SOURCE DATA>
__________

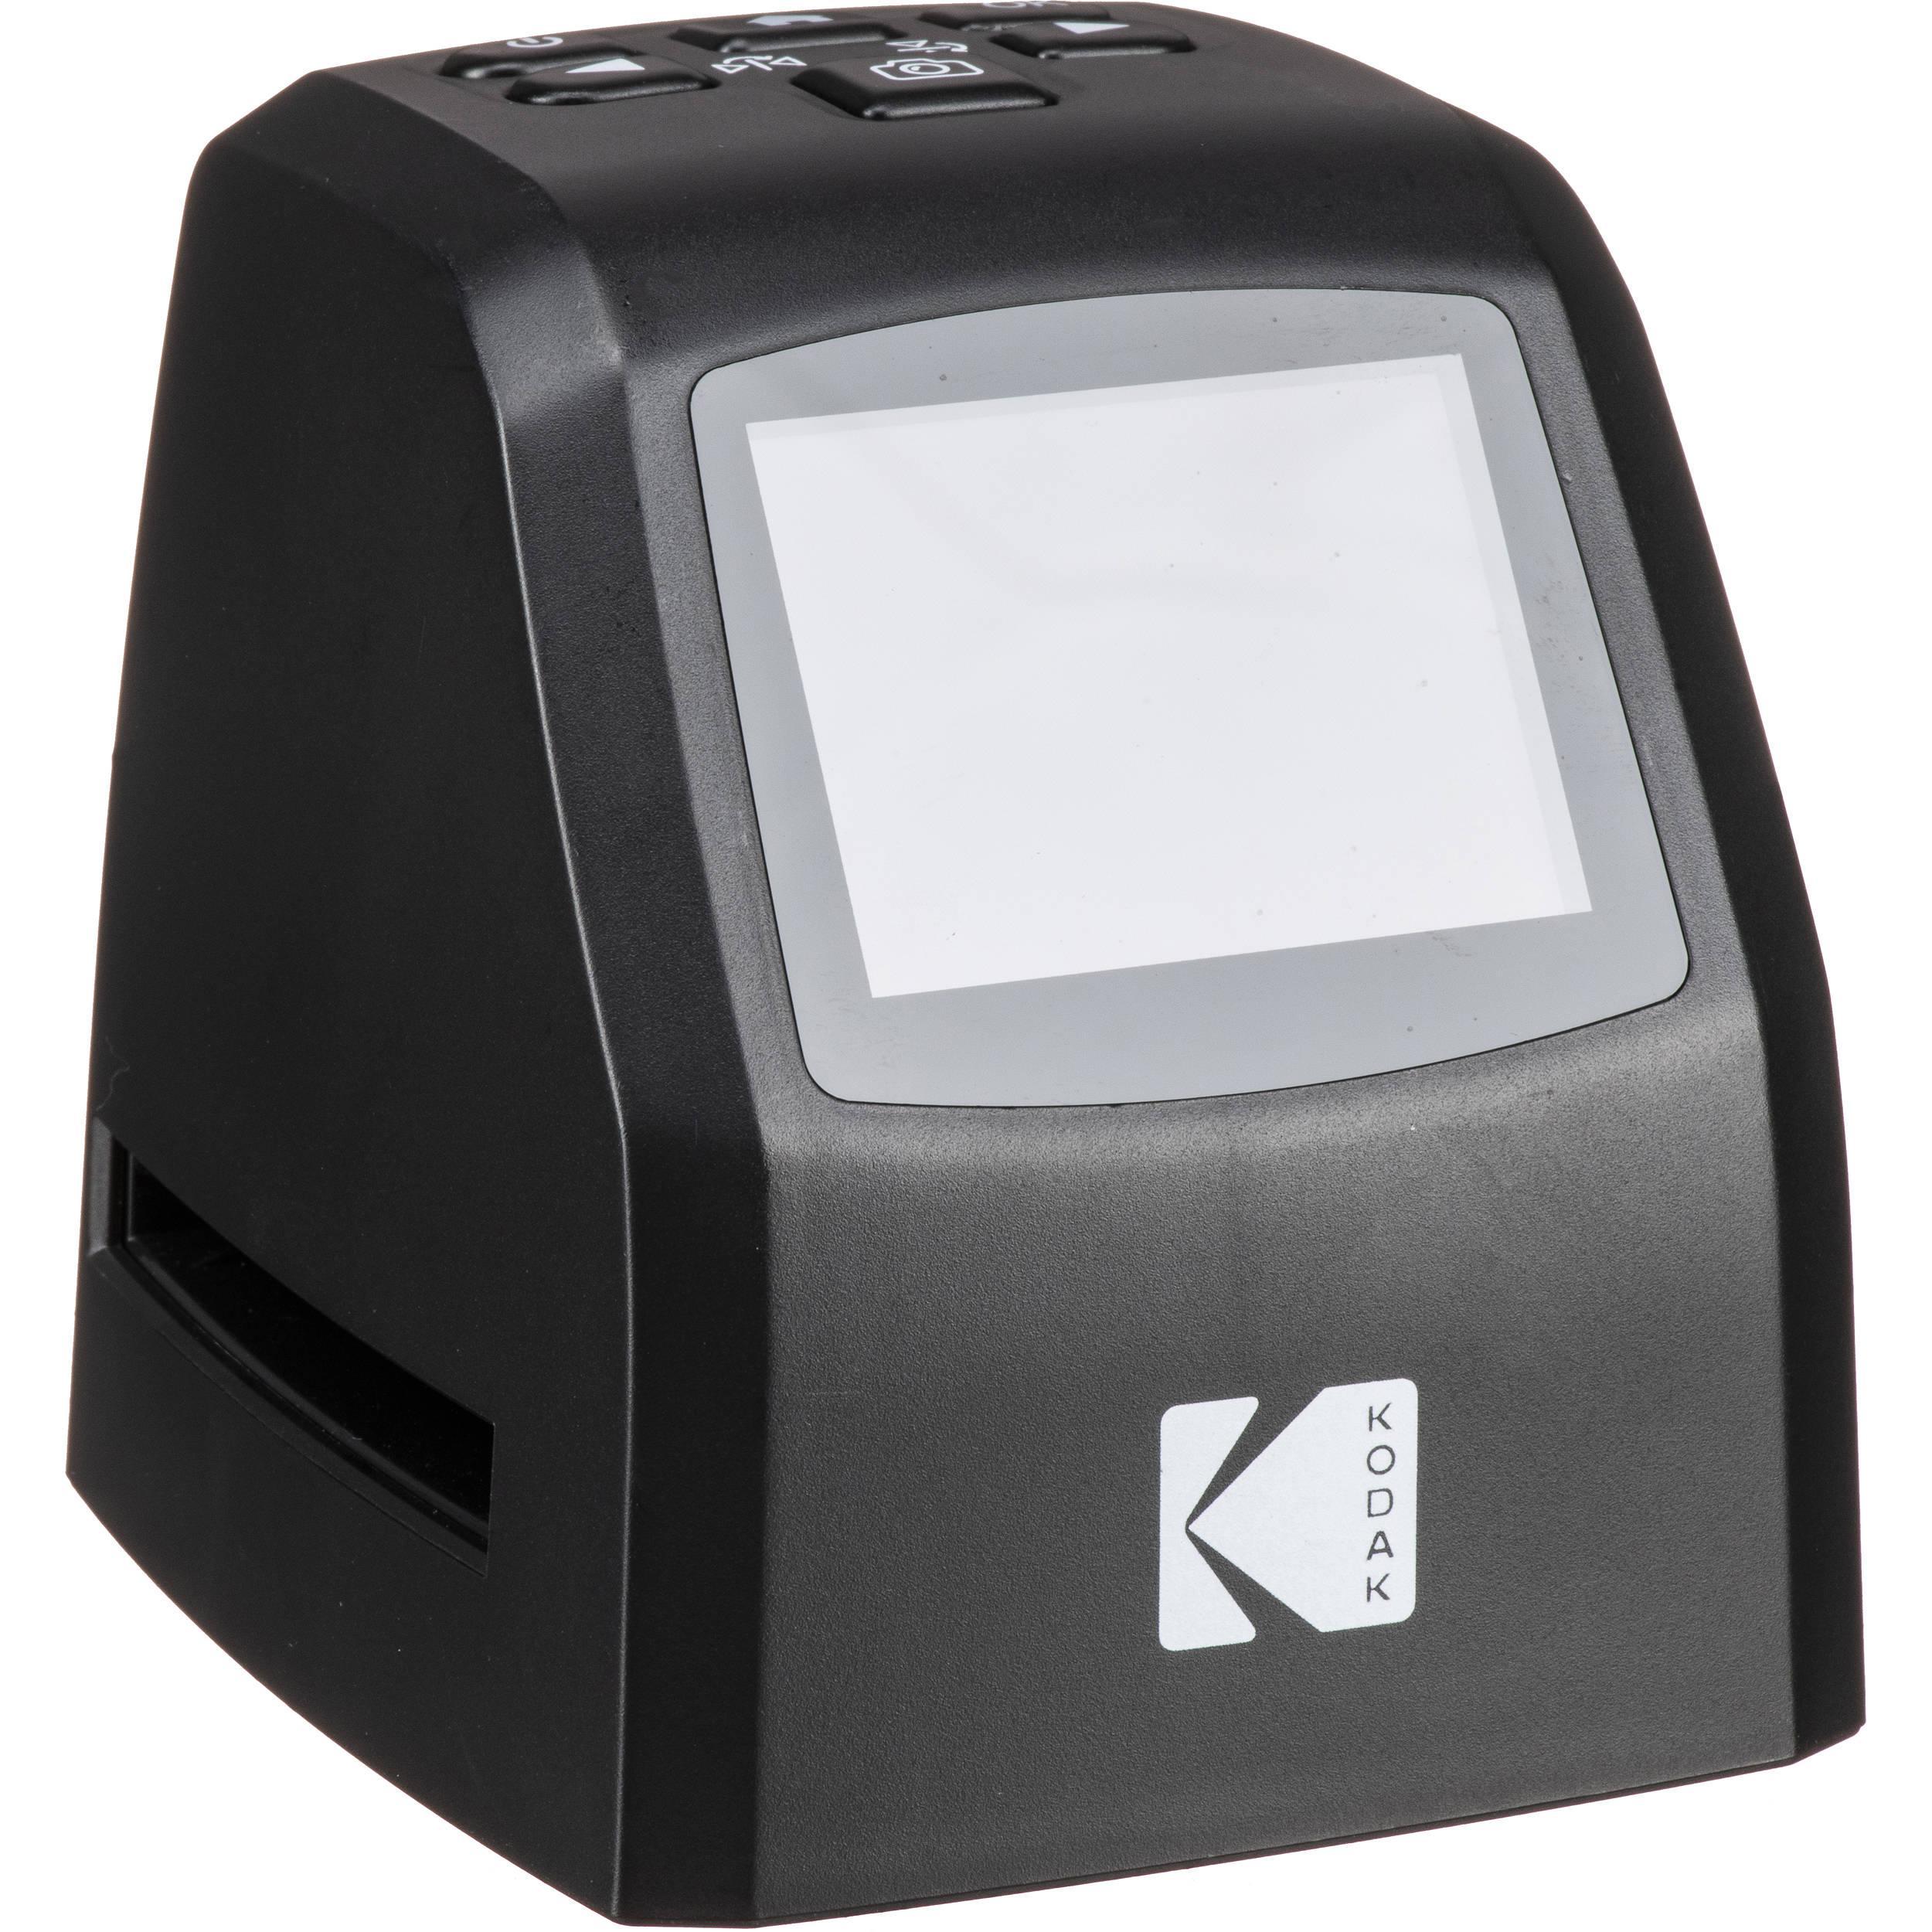 Scanner Kodak Mini Digital Film & Slide
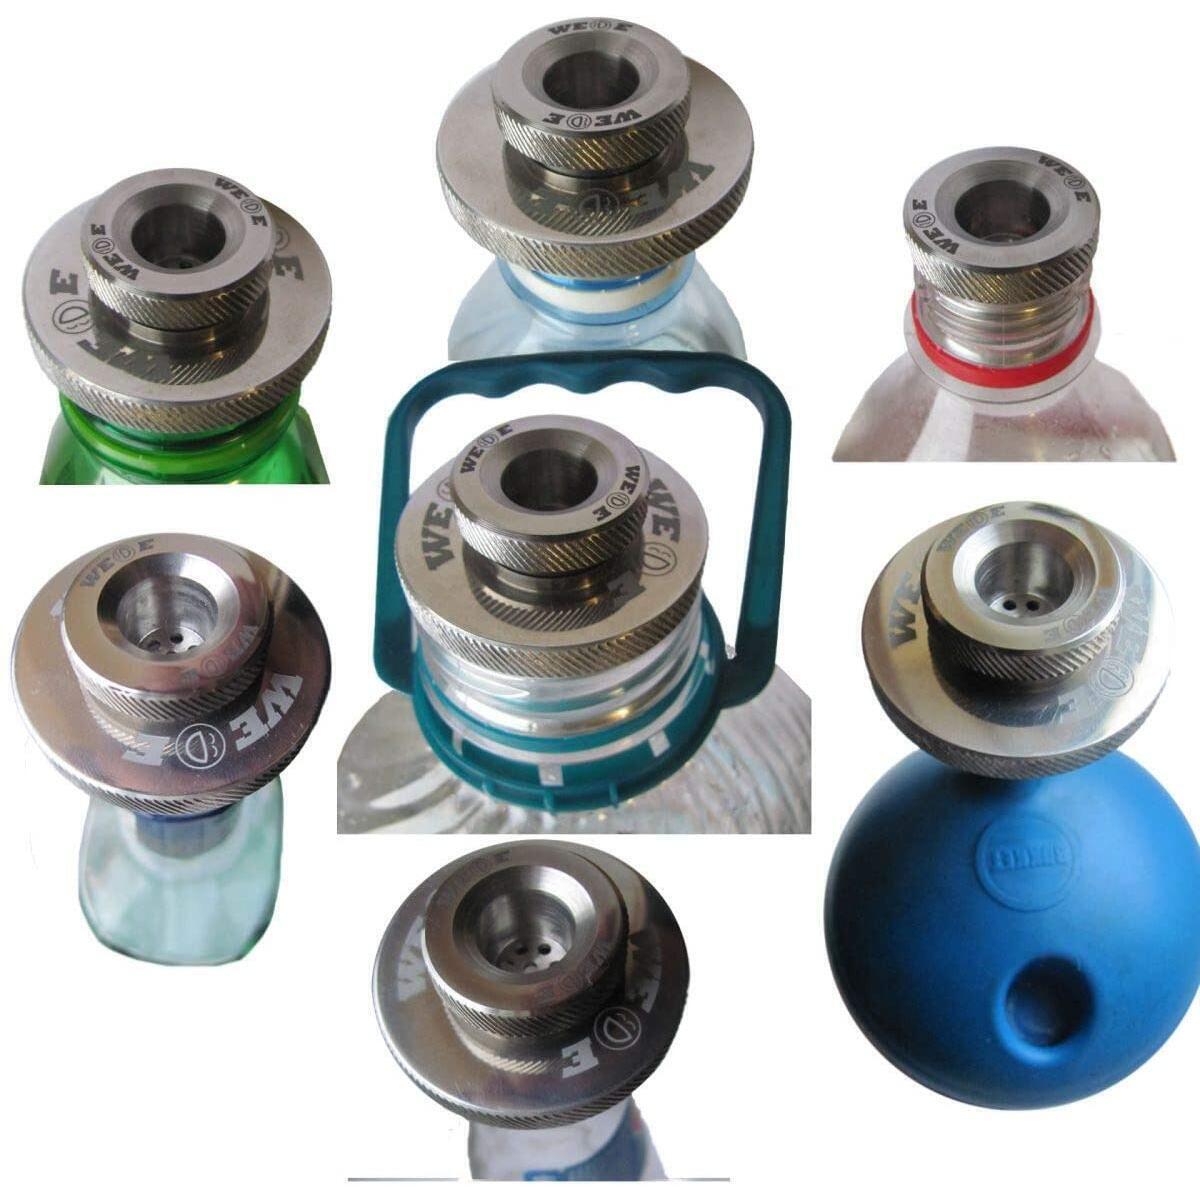 WEDE Multiple - Incense Stick Holder, Herb Bowl Filter
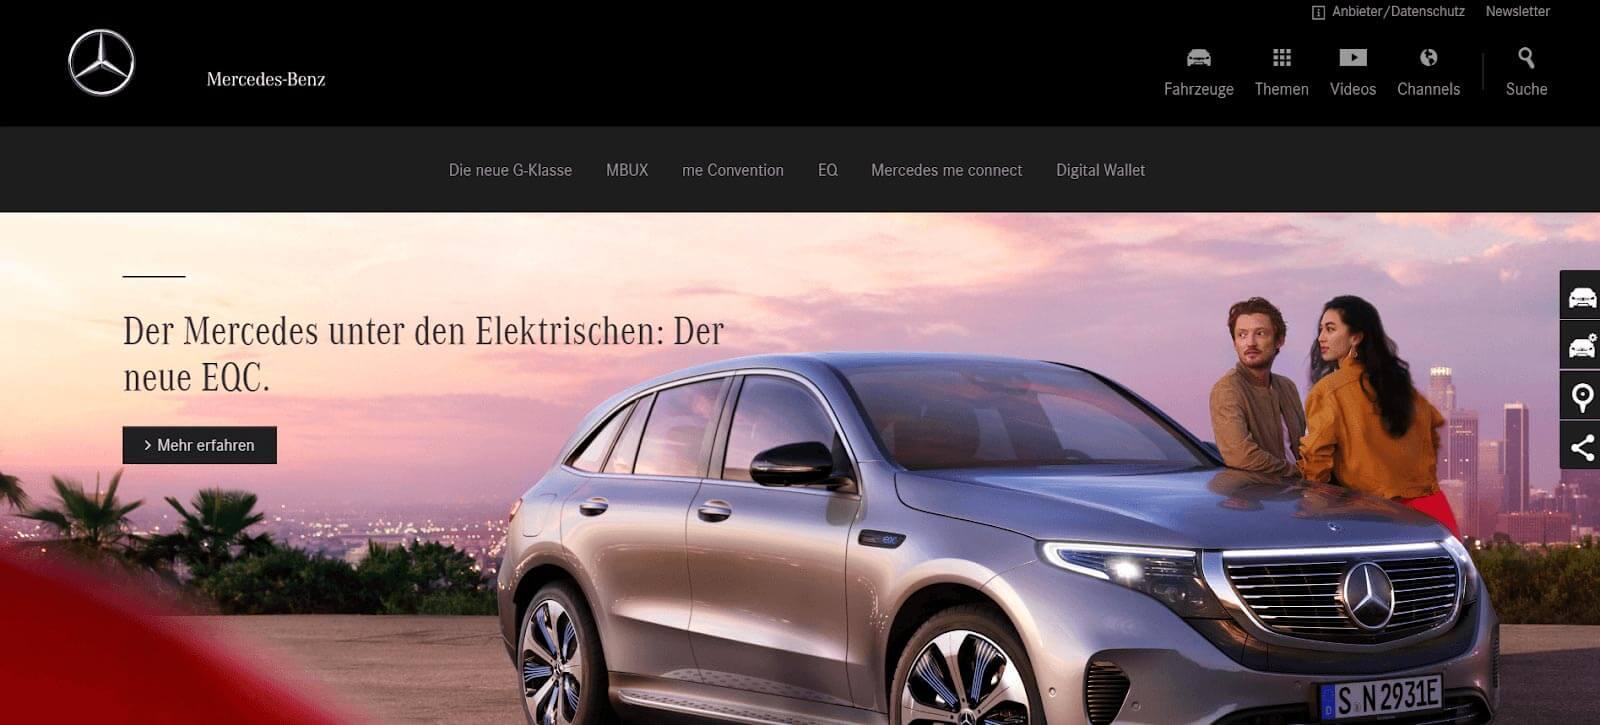 Website Farbschema dunkel
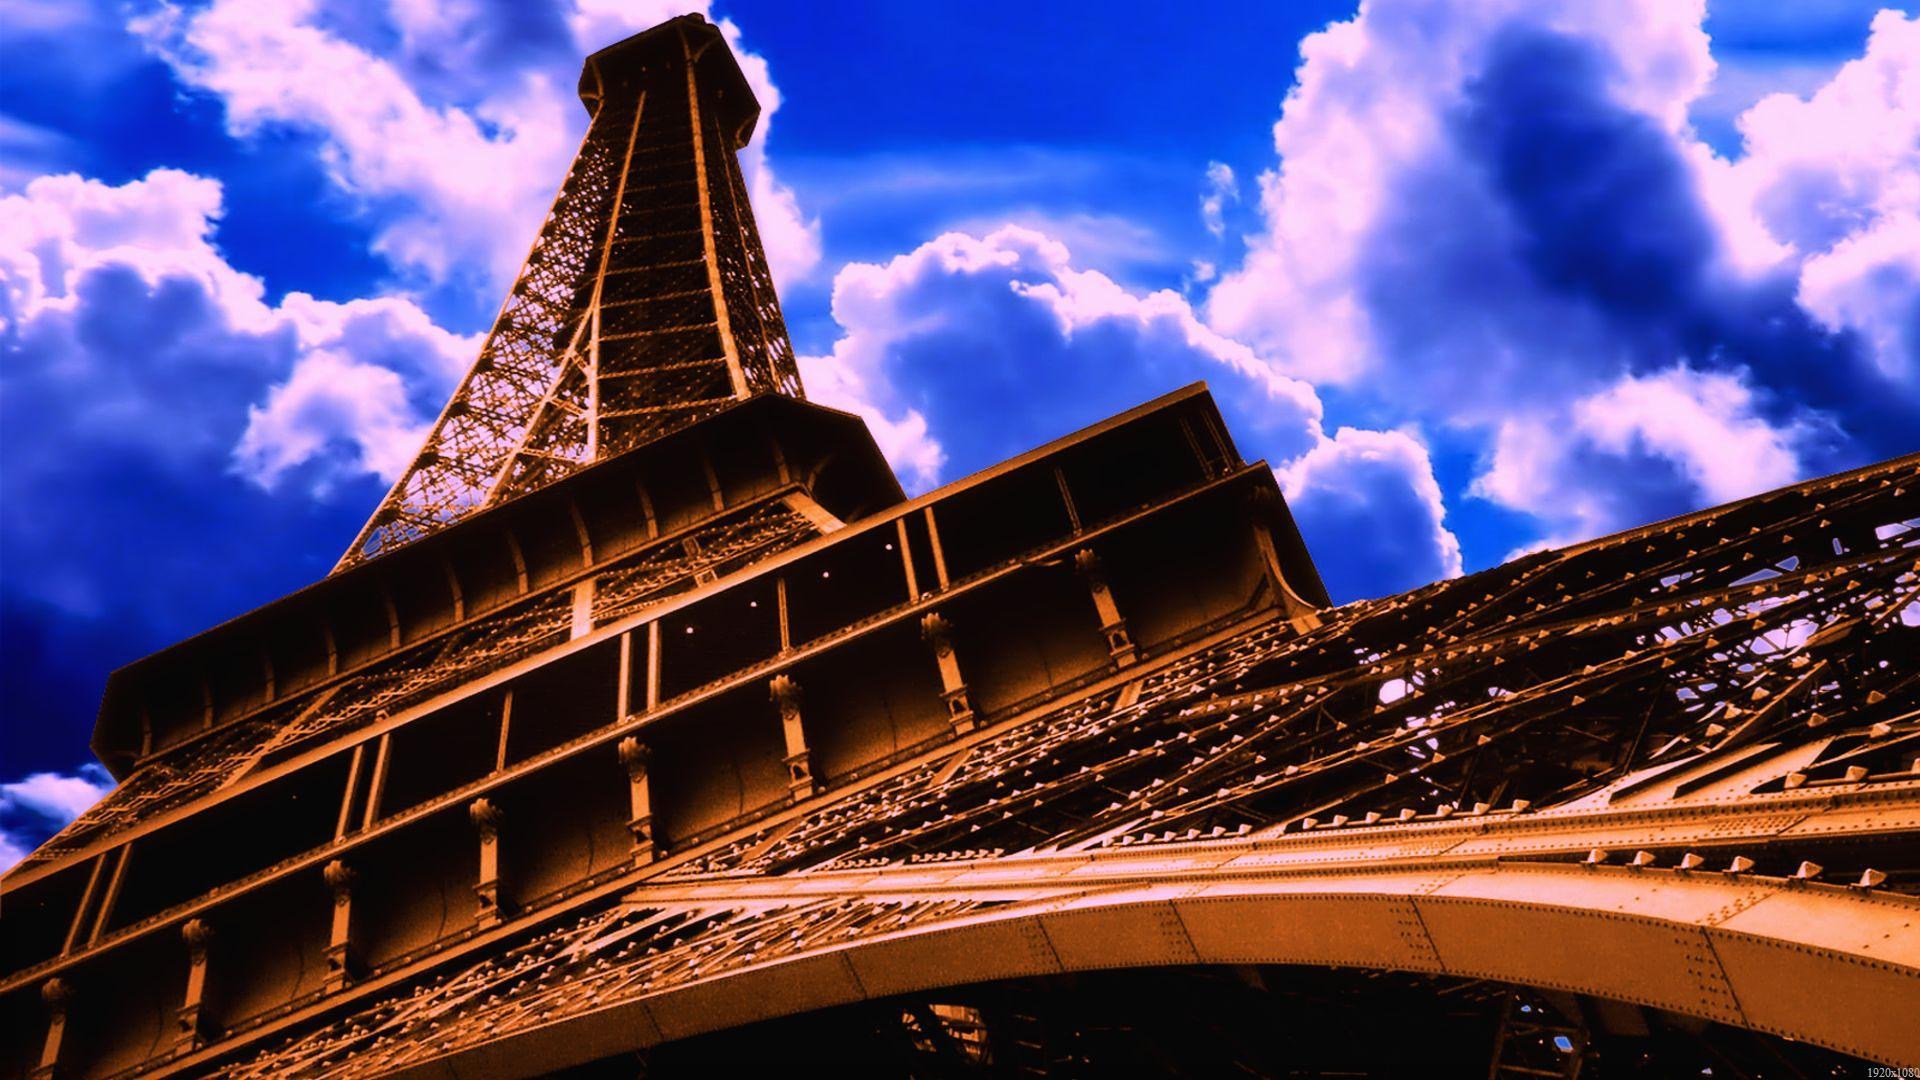 Monuments of paris wallpaper wallpapersafari for Fond ecran paris

__________

ABOUT THIS EXERCISE> Word for word, reproduce each line from the one with "WEDE Multiple - Incense" through the last line of the material above, both included, and drop the pictures.

FINISHED TASK>
 WEDE Multiple - Incense Stick Holder, Herb Bowl Filter
 Website Farbschema dunkel
 Monuments of paris wallpaper wallpapersafari for Fond ecran paris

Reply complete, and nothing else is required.